::: INFORMATION PROVIDED
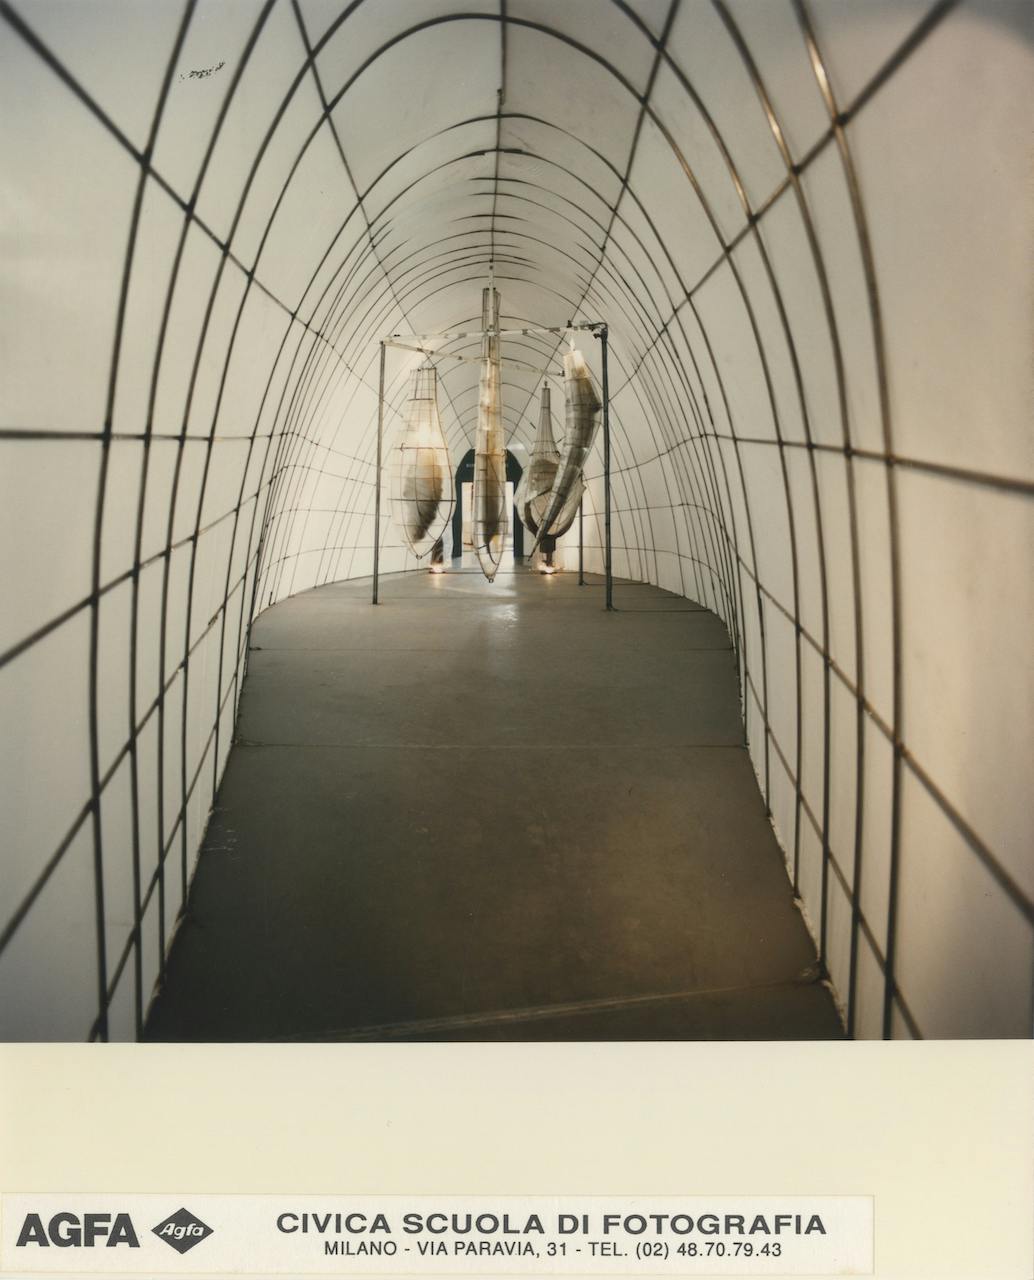 XVIII Triennale - L'Europa e il suo futuro, nelle Partecipazioni internazionali- Finlandia - "Il bozzolo" di Alvar Gullichsen e Stefan Lindfors, 1992 © Civica Scuola di Fotografia
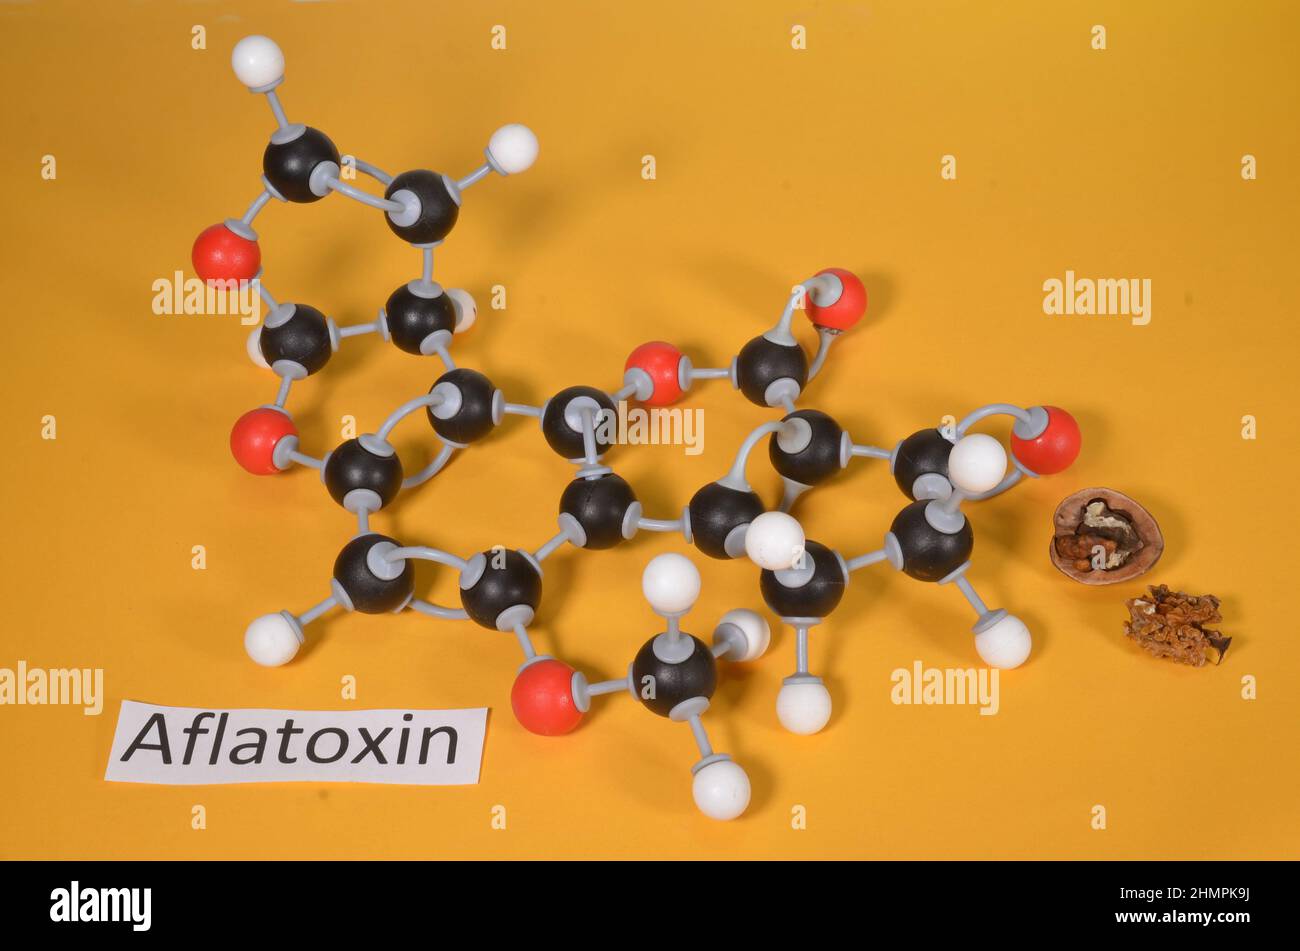 Molécula modelo og Aflatoxin B1, con muestra de hongo atacó nueces. El rojo es oxígeno, el negro es carón e hidrógeno blanco. Foto de stock
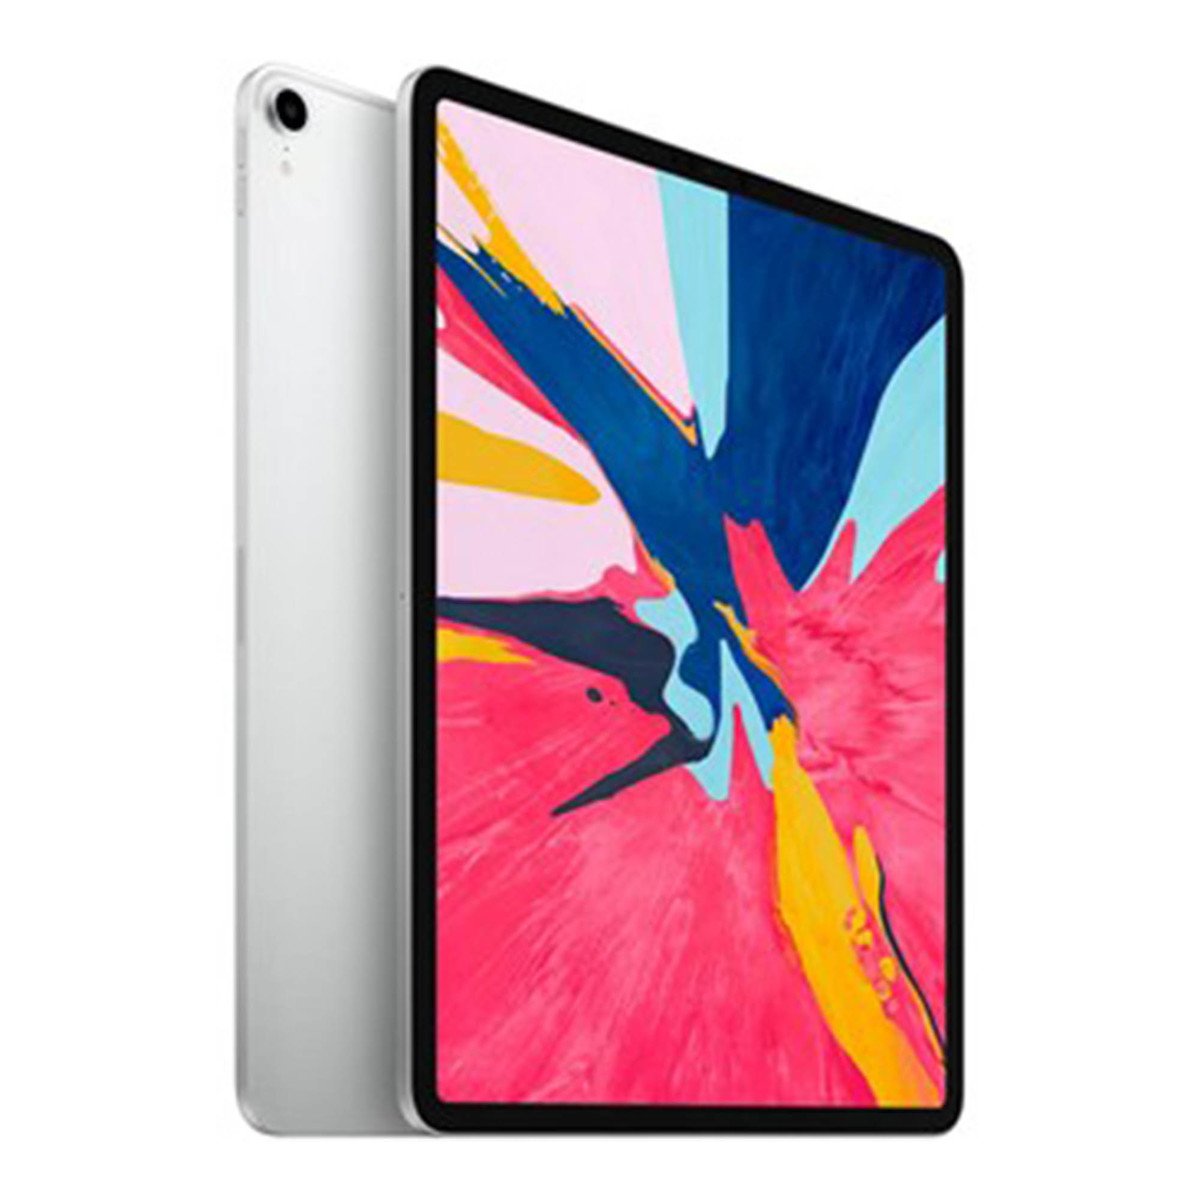 Apple iPad Pro 12.9inch Wifi 64GB Silver
::::::
▶ PROBLEM DETAILS:
Restate the material above word for word; pictures do not belong in the copy.

▶ RESPONSE TO THIS TASK:
 XVIII Triennale - L'Europa e il suo futuro, nelle Partecipazioni internazionali- Finlandia - "Il bozzolo" di Alvar Gullichsen e Stefan Lindfors, 1992 © Civica Scuola di Fotografia
 Molécula modelo og Aflatoxin B1, con muestra de hongo atacó nueces. El rojo es oxígeno, el negro es carón e hidrógeno blanco. Foto de stock
 Apple iPad Pro 12.9inch Wifi 64GB Silver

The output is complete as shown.